The attack is also a gift to the hapless Benjamin Netanyahu, Israel’s prime minister, whose incompetence was universally acknowledged just a day ago. Now, after botching the response to the worst terrorist attack in Israel’s history, Netanyahu’s government gathers credit for having repelled the most significant Iranian attack in Israel’s history. This morning, one could argue that Israel is safer than it has been since before October 7. “I think there are strategic opportunities,” the IDF spokesperson said in his briefing, and “we should look for those opportunities.” Netanyahu does not even have to launch a counterattack. Joe Biden has advised him that the U.S. will not support one, which relieves Netanyahu of the obligation. European countries that have criticized Israel over Gaza have stopped to condemn Iran instead.

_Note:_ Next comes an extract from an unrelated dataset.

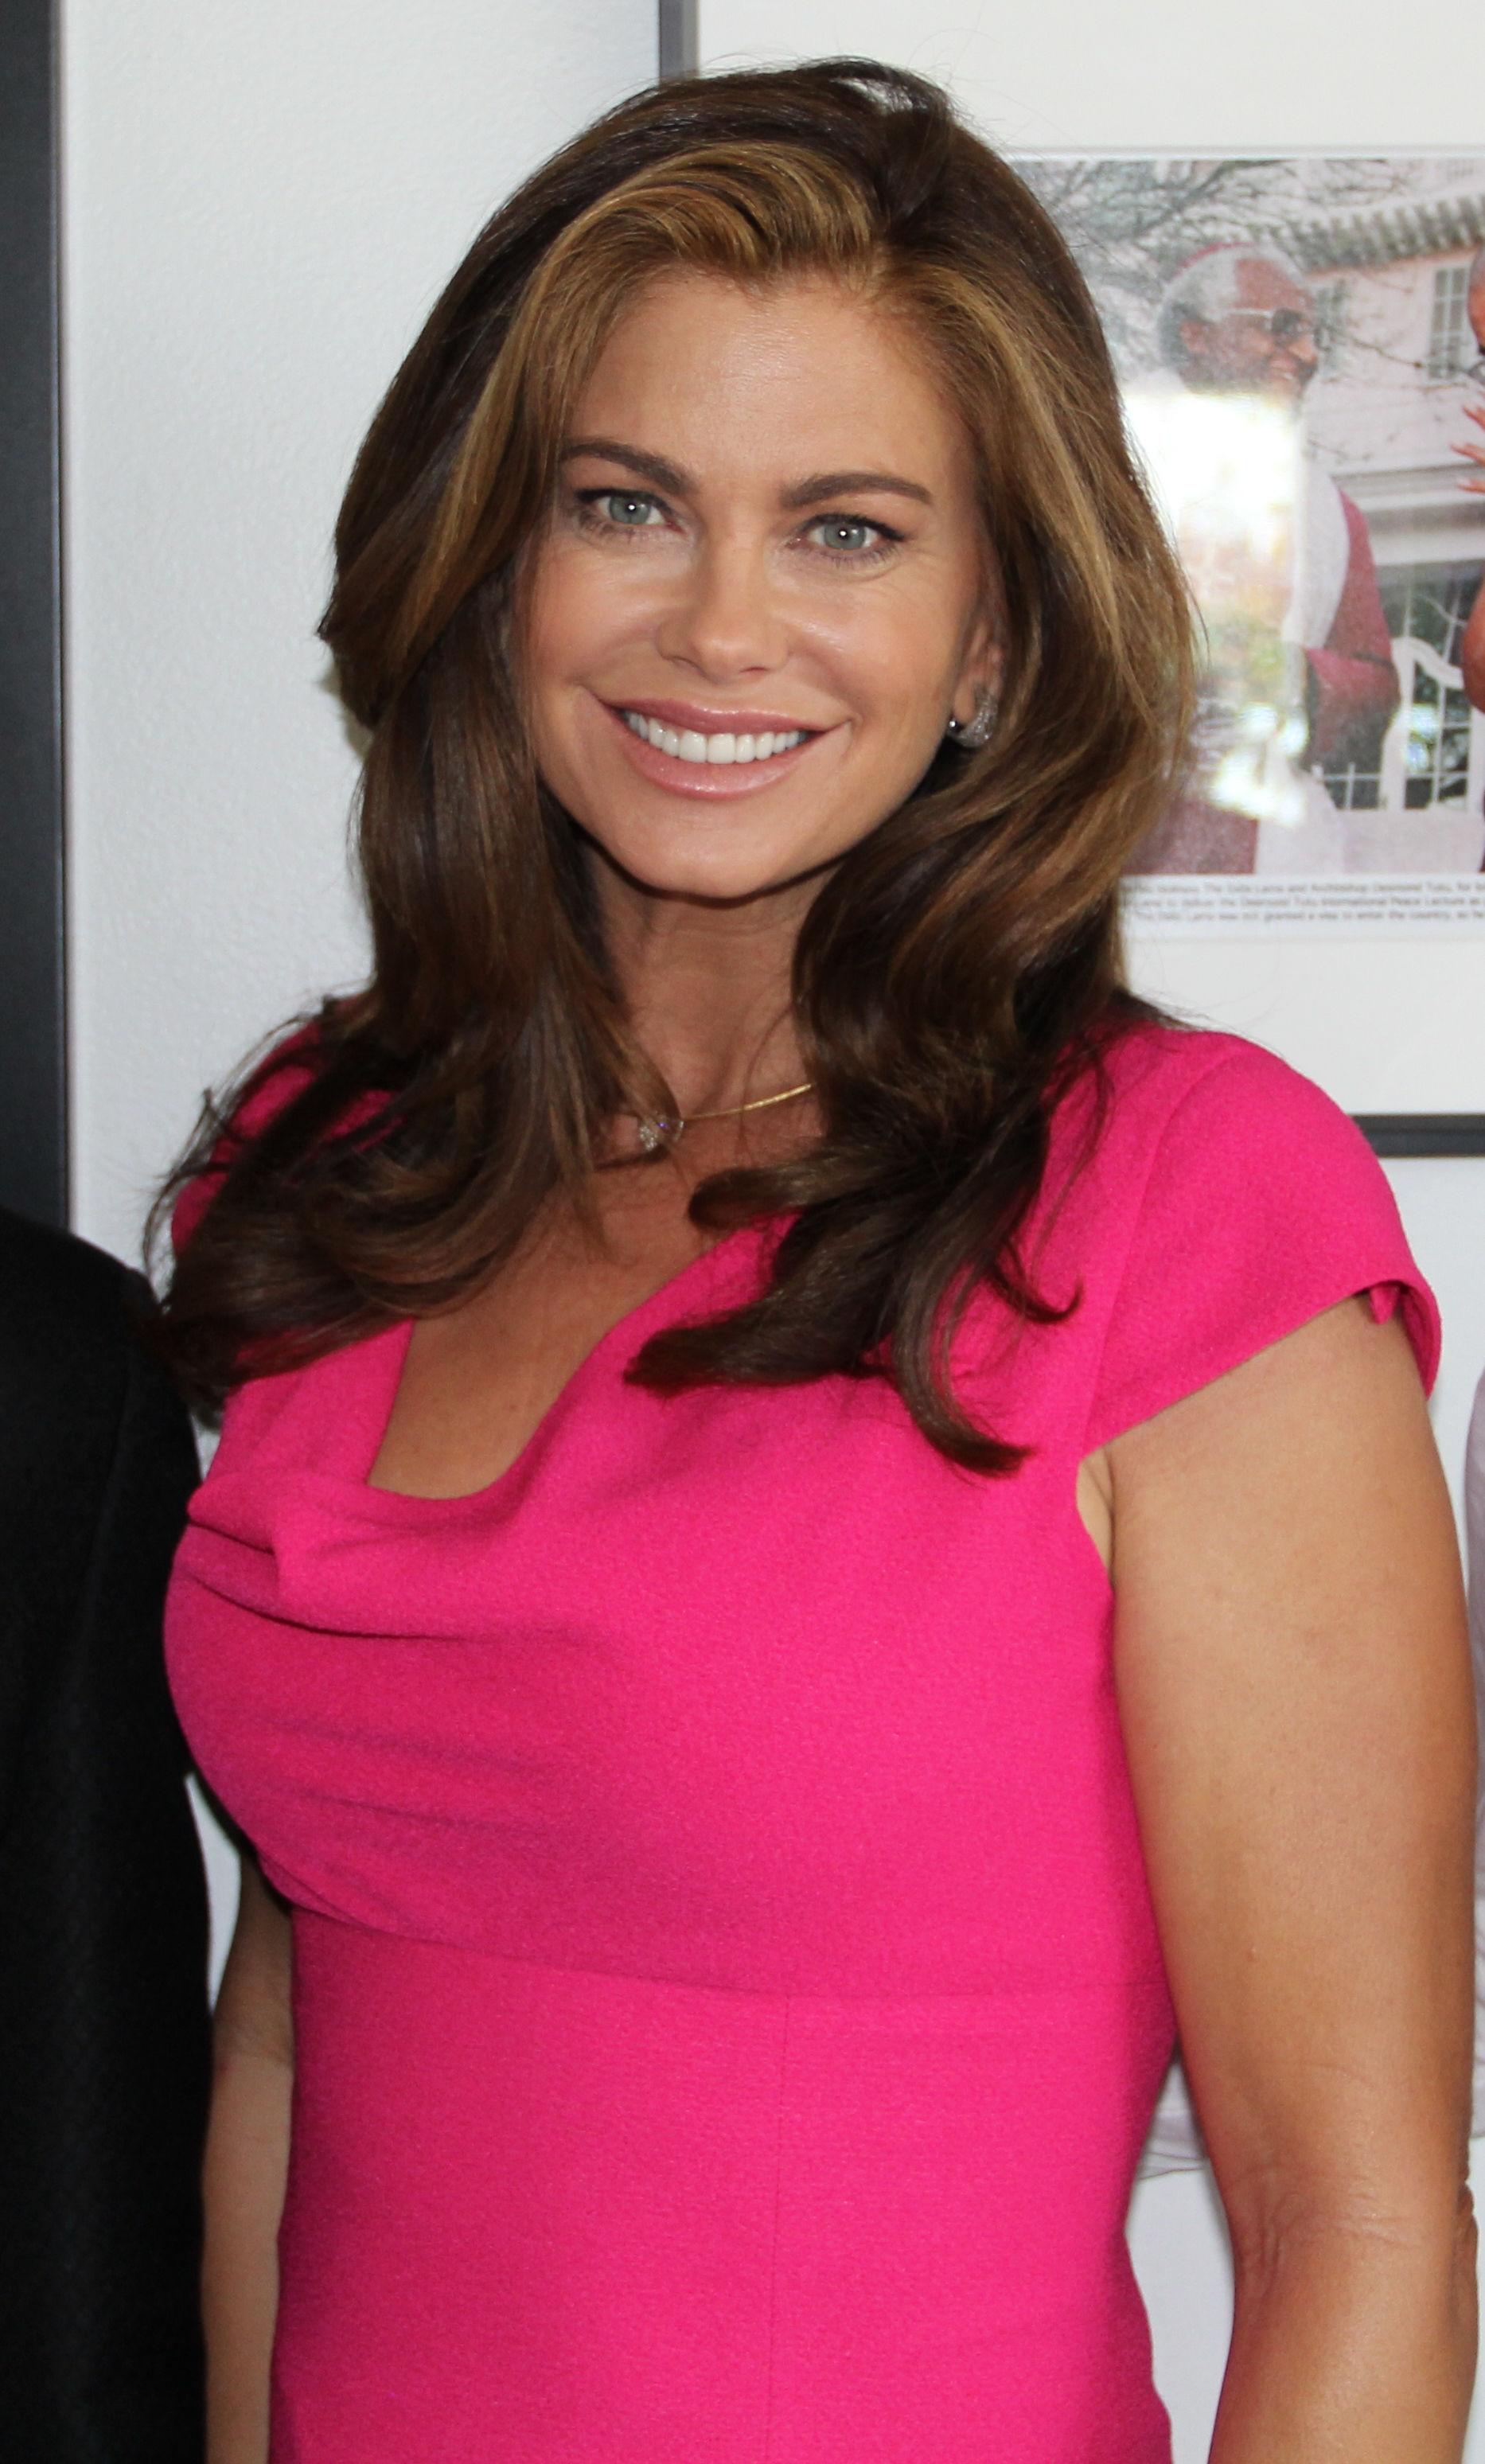 Photo of Kathy Ireland: American model

But just because Netanyahu could decide to do nothing precipitous doesn’t mean that he will. He and his cabinet are constantly in search of new and ingenious ways to squander an opportunity. So today in the Middle East everyone is trying to imagine how they will misspend the credit Iran has just extended them. If Netanyahu behaves uncharacteristically, he could reach out to Israel’s Arab allies, and to its international critics, and try to reboot Gaza negotiations and bring home the Israeli hostages who are still alive. With Gaza at least partially in rubble and in famine conditions, and with essentially zero progress in negotiation with Hamas, some jolt to the status quo is necessary. Hamas has shown little interest in achieving a viable deal, and now its position has weakened slightly, because Iran seems so obviously disinclined to intervene in its favor by regionalizing the war. This reminder that Israel’s enemies are not limited to Hamas, and that Israel owes debts to its Arab friends who wish to see Gazans return to their homes (and who not-so-secretly also wish Israel could somehow eliminate Hamas without fuss once and for all), could catalyze a new Israeli reaction to the conflict.

​​These Arab allies deserve Israel’s gratitude. They also might be reminded of what is in their own interest. After all, Iran’s overseas ventures are not limited to Israel. Iran evidently feels free to violate Jordanian airspace as it pleases. If it is willing to swarm Israel with drones, why not Saudi Arabia too? It already attacked Abqaiq, Saudi Arabia’s largest oilfield, in 2019, an attack that went unanswered by Saudi Arabia and the United States. Iran, its Revolutionary Guards Corps at the front, has already wrecked Iraq, Yemen, and Lebanon. Who is next? The Gaza war has alienated Israel from these allies, and in particular from their citizens, who see images of the devastation daily on Al Jazeera. Now Israel can point to Iran’s aggression and disregard of national boundaries as a common cause with which to begin to undo that alienation.

Netanyahu’s government is beholden to right-wing elements that have made a hostage deal difficult to strike and post-invasion Gaza planning almost non-existent. These same right-wing elements want retaliation: If Iran sends 300 drones and missiles to Israel, Israel should send 300 back. (Unlike the Iranian ones, many of the Israeli ones will reach their targets.) Now could be the moment for Netanyhu to tell his right flank to stand down. The reasons Israel is not on a war footing this morning—children are merely in Zoom lessons today, and there have been no further call-ups of reserve troops—are technological (an incredible air-defense system) and diplomatic (a partnership extending from the Levant to the Persian Gulf), not ideological. Many Israelis would welcome a shift back to a national-security-focused right, and away from a fundamentalist religious one. Not long ago, Netanyahu had a sort of proprietary hold on that position in Israeli politics. Now the religious right has a hold on him.

Netanyahu is a master of self-preservation, and he knows he likely will not be the one to lead such a shift. His instinct to stay in power would, in that case, come into conflict with his instinct to preserve and improve Israel’s geostrategic position. Unfortunately, in the contest between those two instincts, the outcome is unlikely to be anything close to a tie.